Tekâsür suresinde şu ifadeler yer alır: "Sonra o gün (size verilen) nimetten sorulacaksınız. "(102:8). Buradaki "sorulacaksınız" sözü, her ferdin bu dünyada işlediği her fiilden sorumlu olacağı gerçeğine atıftır. En'âm süresindeki şu ayet de bu hususta dikkatimizi çeker: "Sizi yeryüzünün halifeleri yapan, size verdiği şey­lerde, sizi denemek için, kiminizi kiminizden derecelerle üstün kılan O'dur. Şüphesiz Rabbin, cezası çabuk olandır ve O, bağışlayan, merha­met edendir."(6:165).

Allahu Teâlâ'm hesap soracak olması, insanlığa hizmetin gerçek kurtuluş ve basan sayılmasını öğretecek ve insanları daha sorumlu kılacaktır. Böyle bir toplumda, fertlerin gayri meşru yol­lardan servet edinmesi ve kardeşlerini istismar etmesi düşünülemez.

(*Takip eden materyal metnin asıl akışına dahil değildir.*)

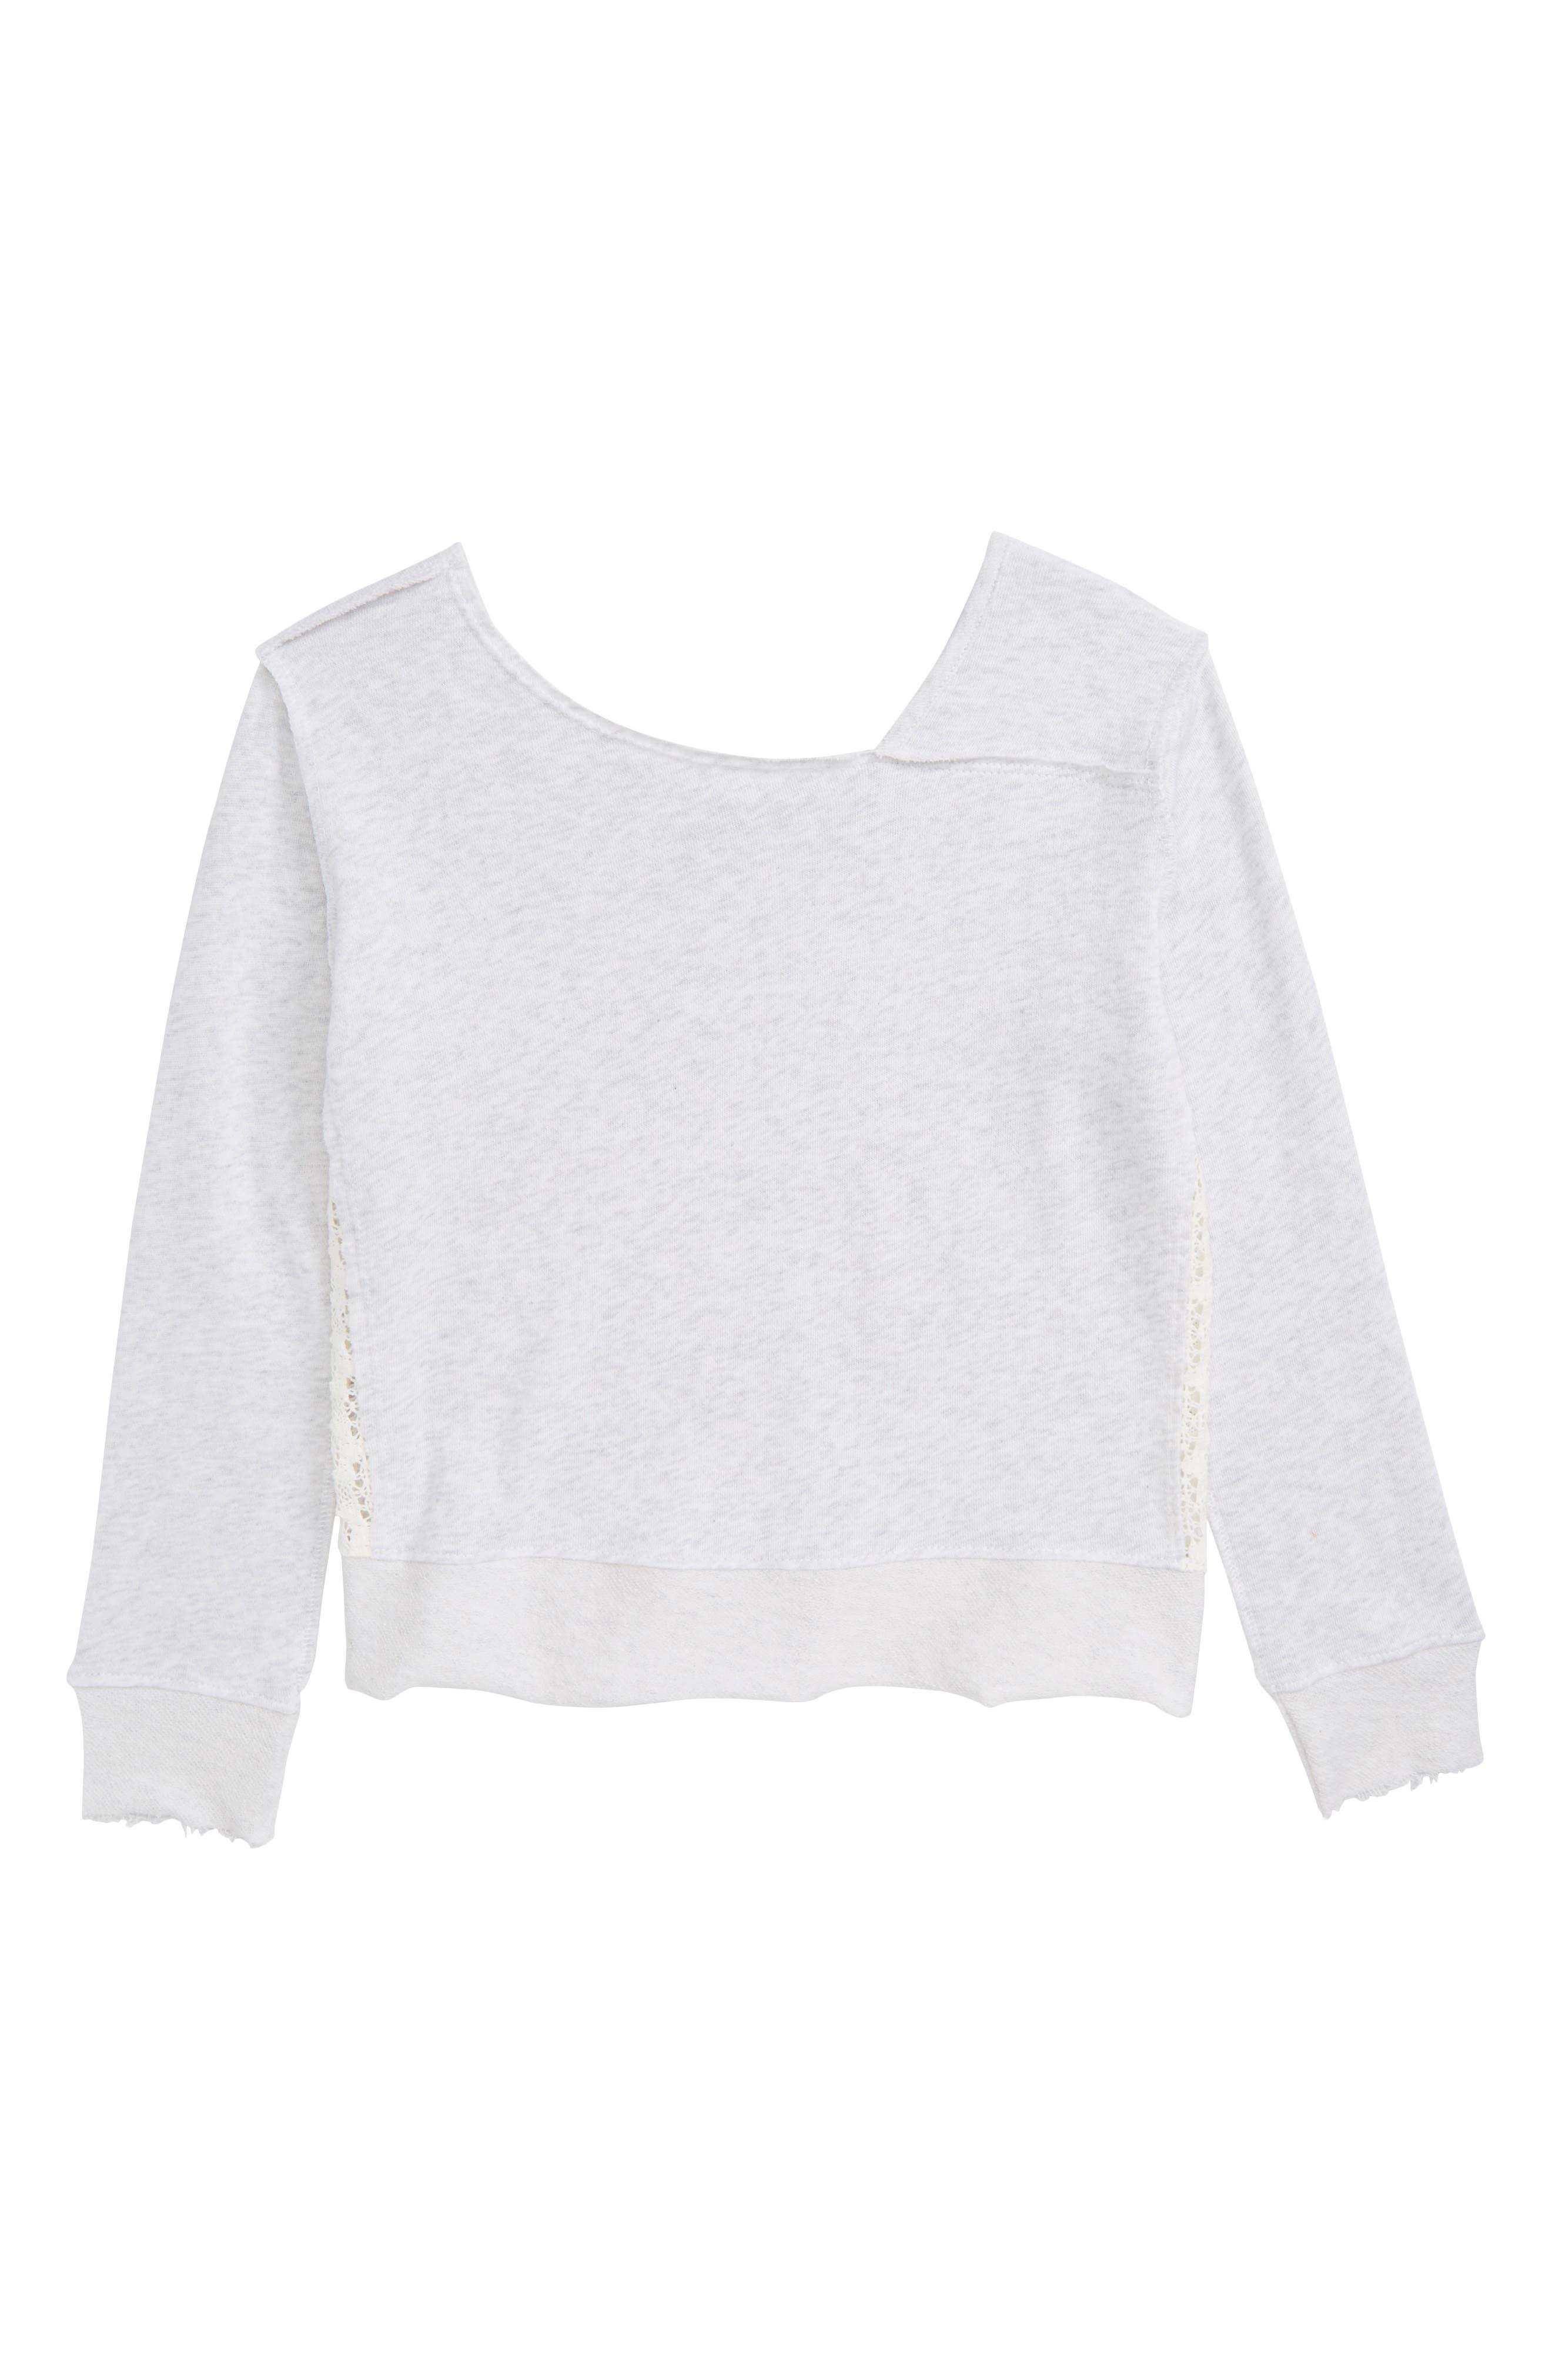 Lace Inset Sweatshirt,                             Main thumbnail 1, color,                             Light Grey Heather

Bu ahlâkî ve mantıki terbiye ile İslâm insanlığın önüne yüksek idealler koymuş olmakta, insan hayatının bir başka canlı gibi sadece maddî ihti­yaçlarının giderilmesi olmadığını göstermekte­dir. Yine İslâm, yemek ve diğer maddî vasıta­ların sadece hayatı idame ettirmek için ol­duğunu, hayatın gerçek gayesinin insanlığın kurtuluşu için çalışmak olduğunu belirtmekte­dir. Bu hususa Kur'an'da Ali İmrân suresinde bir atıf yapılmaktadır: "Siz, insanlar İçin çıkarılmış en hayırlı bir ümmet oldunuz. İyiliği emreder, kötülükten men'edersiniz ve Allah a inanırsı­nız.." (3:110).

Bu ayetten, insanlardan sosyal hayatta ahenk ve adaleti sağlayarak İnsan hayatını daha huzurlu hâle getirmeleri istenmektedir; çünkü insanlığa en iyi hizmet budur.